Her daughter, Morgan, was six-years-old when an unidentified man kidnapped her from an Arkansas Little League Field. It was June of 1995 -  Morgan has now been missing for 18 years.

"Even when people say to me, shouldn't you give up...this is my daughter, as soon as someone can prove to me that she's not coming home...I will fight for her everyday."

The story of three young women in Cleveland being rescued after ten years of being held captive in a house in Cleveland is giving hope for other missing person cases, said Marcia Gilmore Tullis with the National Center for Missing and Expolited Children.

"All the families have hope. It's so important to have hope," said Gilmore-Tullis.

She says often it's a bystander who helps solve a missing person case.
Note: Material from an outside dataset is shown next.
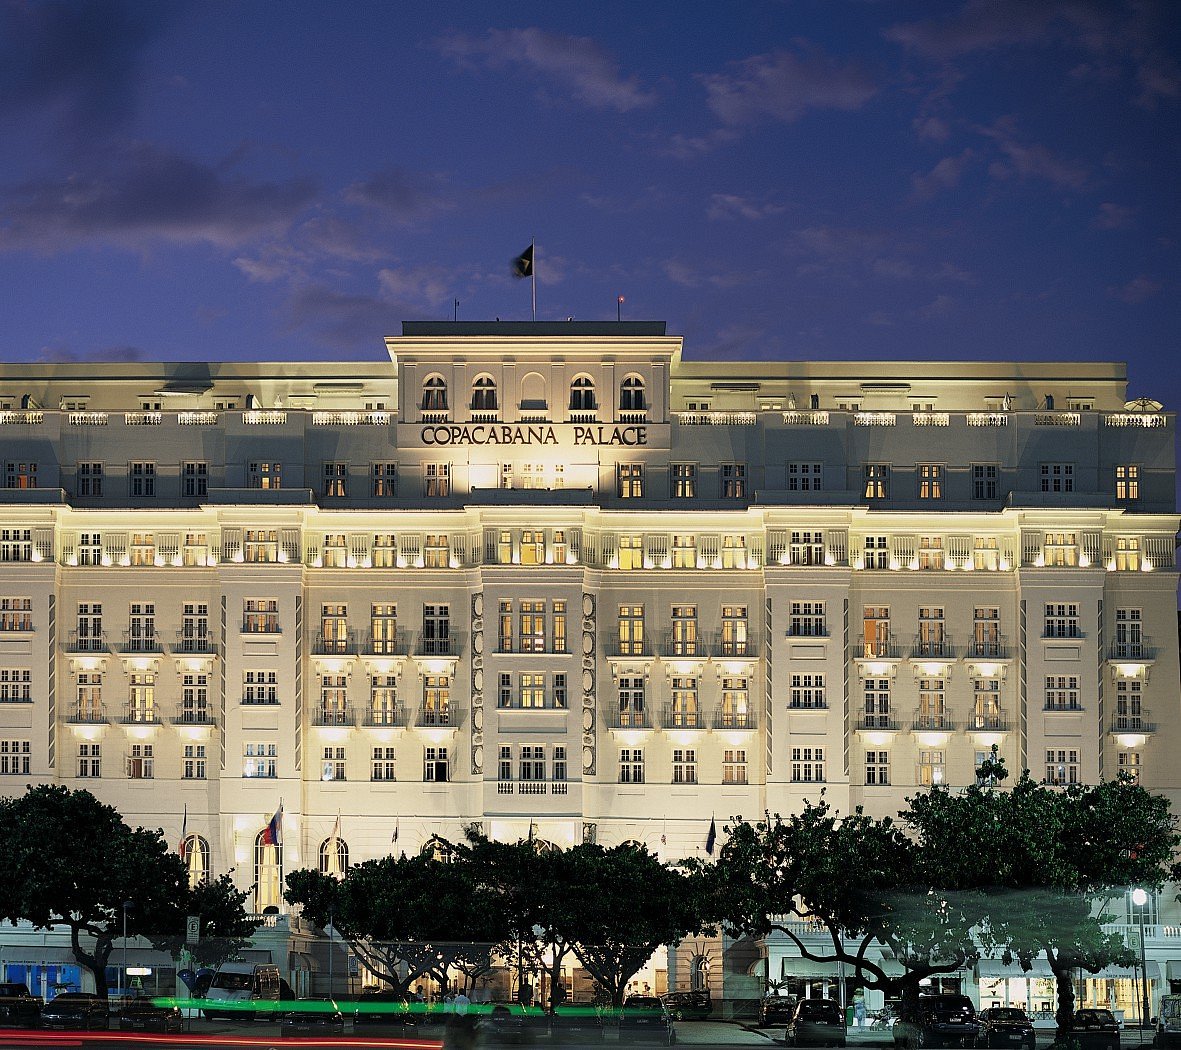 the Best Hotels in brazil

In Cleveland, Charles Ramsey heard screaming at a home in his neighborhood and saw a woman try to get out and helped break an opening in the locked door.

Colleen Nick calls Ramsey a "national hero" for getting involved.
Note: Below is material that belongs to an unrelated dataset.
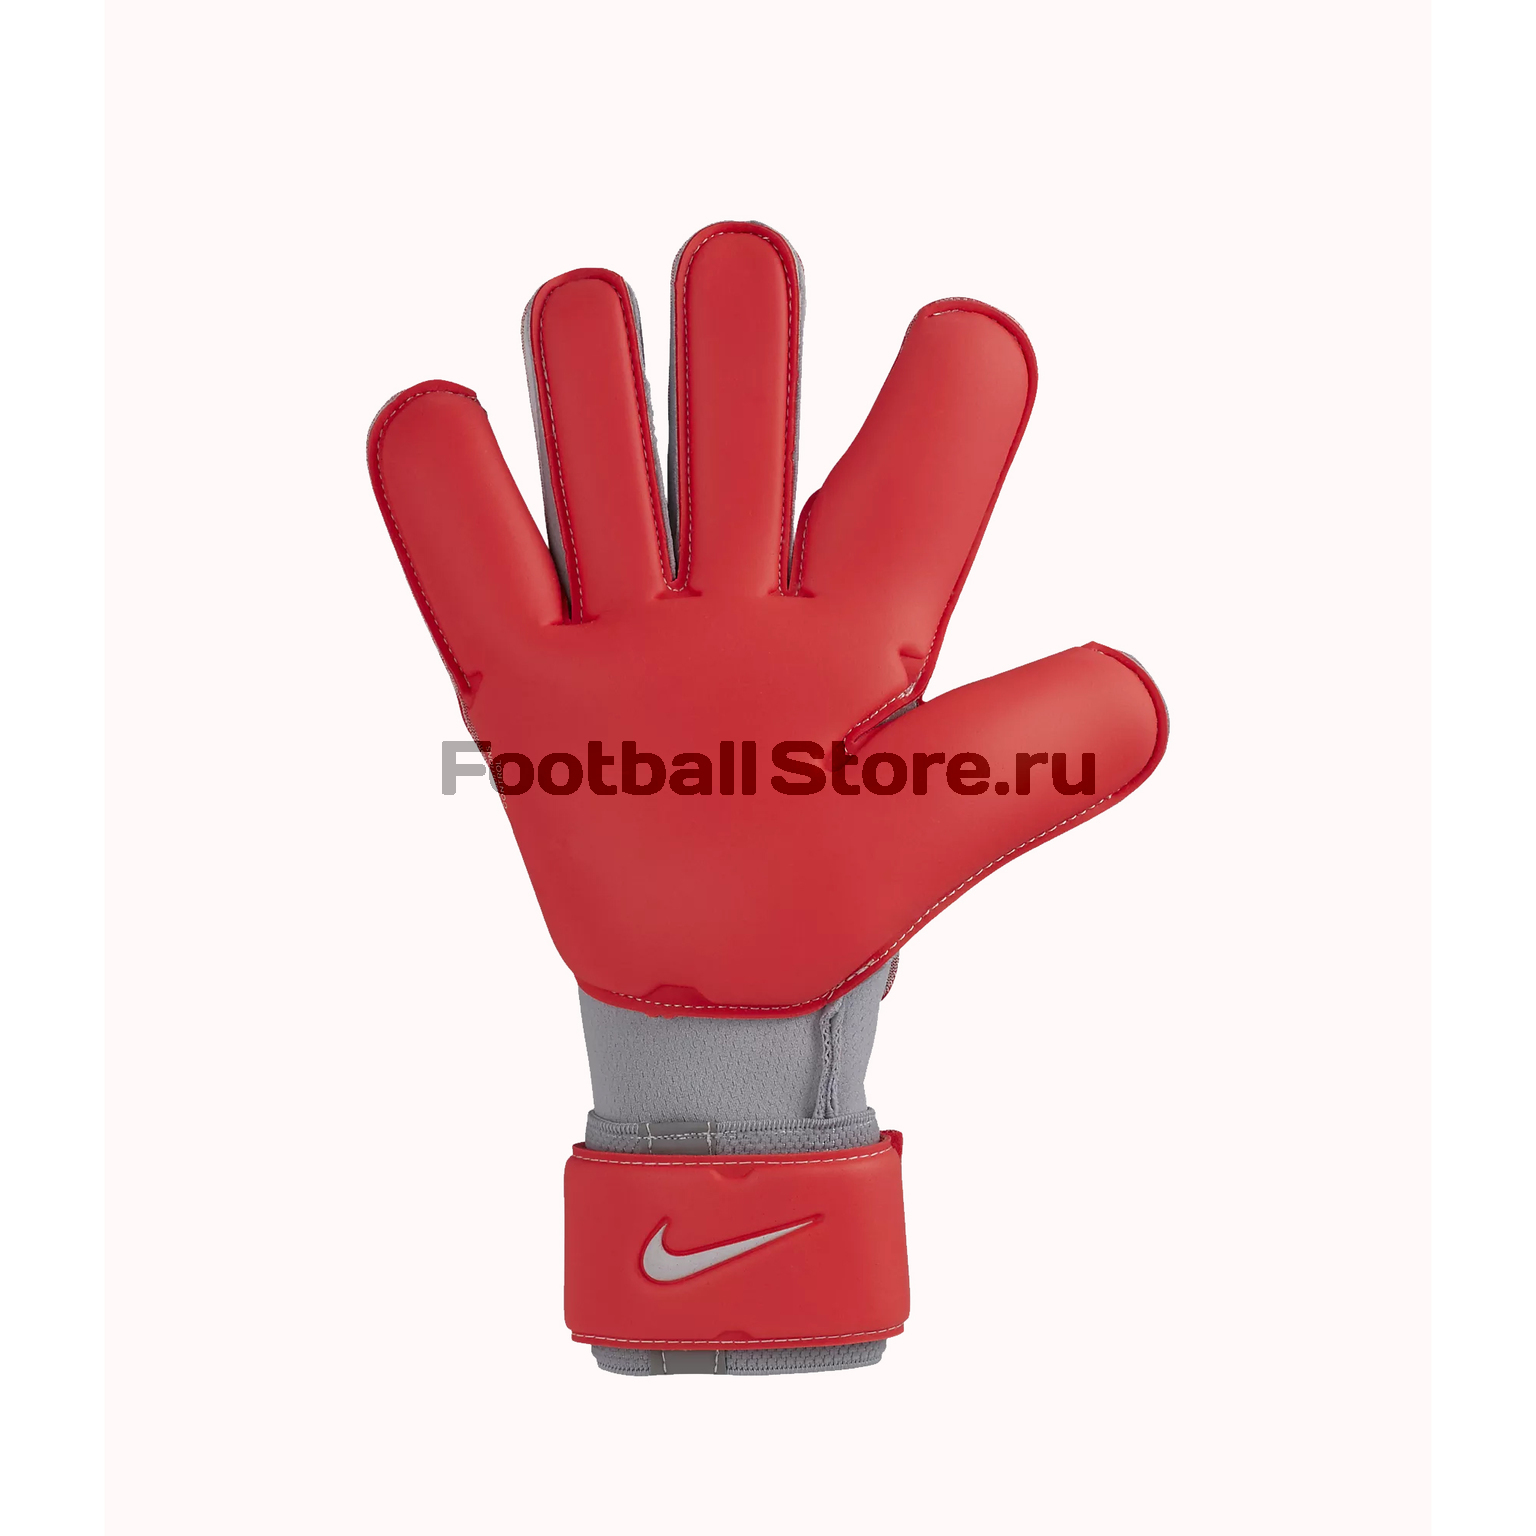 Вратарские перчатки Nike Vapor Grip3 GS0352-671

Someone who noticed something strange led to the investigation of Phillip Garrido and his wife Nancy, who abducted Jaycee Dugard when she was 11 and held her captive in their backyard for 18 years.

And there have been several other children abducted and found weeks and years later.

Nick said it's a myth that all kidnappings result in murder. That sometimes happens, she said, but if there is no proof a child has passed, there should always be hope and an effort to find him or her.